勿論、こんな一言で表すことができない要素をたくさん含んでいるように思えますが。
『平行線』という言葉を聞いて、『パラレルワールド』を思い出しました。
自分が選ばなかったもう一つの世界線です。
言葉自体は中学生の頃から知っていても、その感覚を理解できたのは高校生になってからでした。
私にとって辞書で調べても納得できない言葉の一つで、“自分で選択する”という行為を以て、やっと理解できた言葉です。
「人生は選択の連続」という言葉がある通り、複数の選択肢かあって、それらが交わりあって今があります。
そう考えると、『平行戦の延長戦』という意味も理解できるような気がします。
ここは『お前』の話を聞きながら、ギターを弾いている様子が思い浮かびました。
『さえない』と歌詞にありますが、「アルペジオさえ、無い」のか、「冴えないノンフィクション」なのか、その両方の意味を含めているのか、答えがないな、と思います。

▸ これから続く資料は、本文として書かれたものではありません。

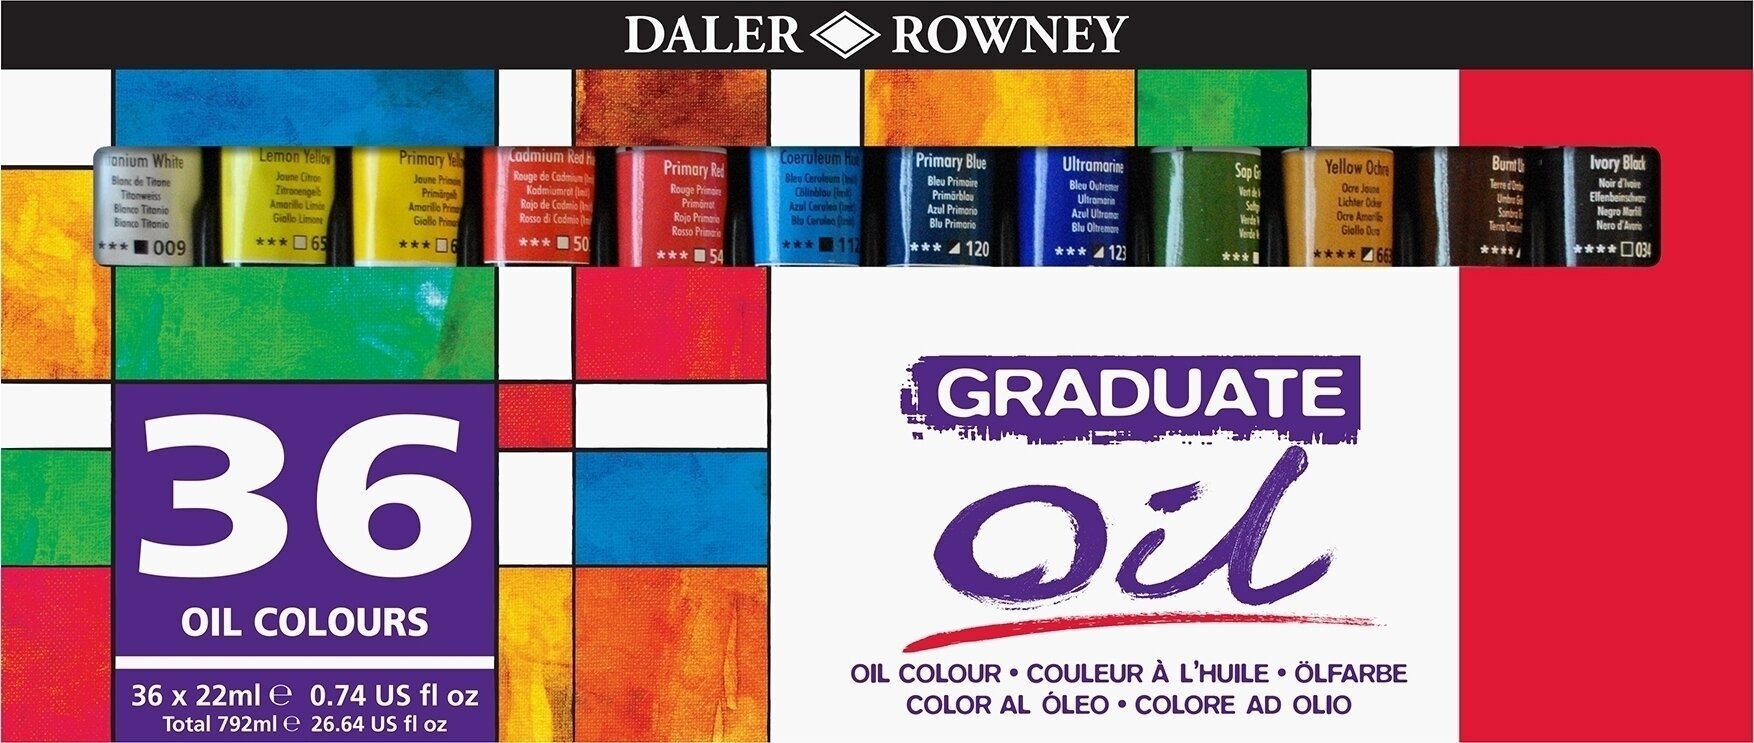 Oil colour Daler Rowney Graduate Set of Oil Paints 36 x 22 ml

このような、人のつまらない話を聞きながら、ぼんやりとギターを弾くのも惰性の生活なのかもしれません。
さいごに
この曲は抽象的なところと、具体的なところがはっきりとしているので、考えることが楽しかったです。
眠れない夜に、イヤホンで大音量で聴いて、この曲に溺れるのが大好きです。
ここまで読んでくださってありがとうございました。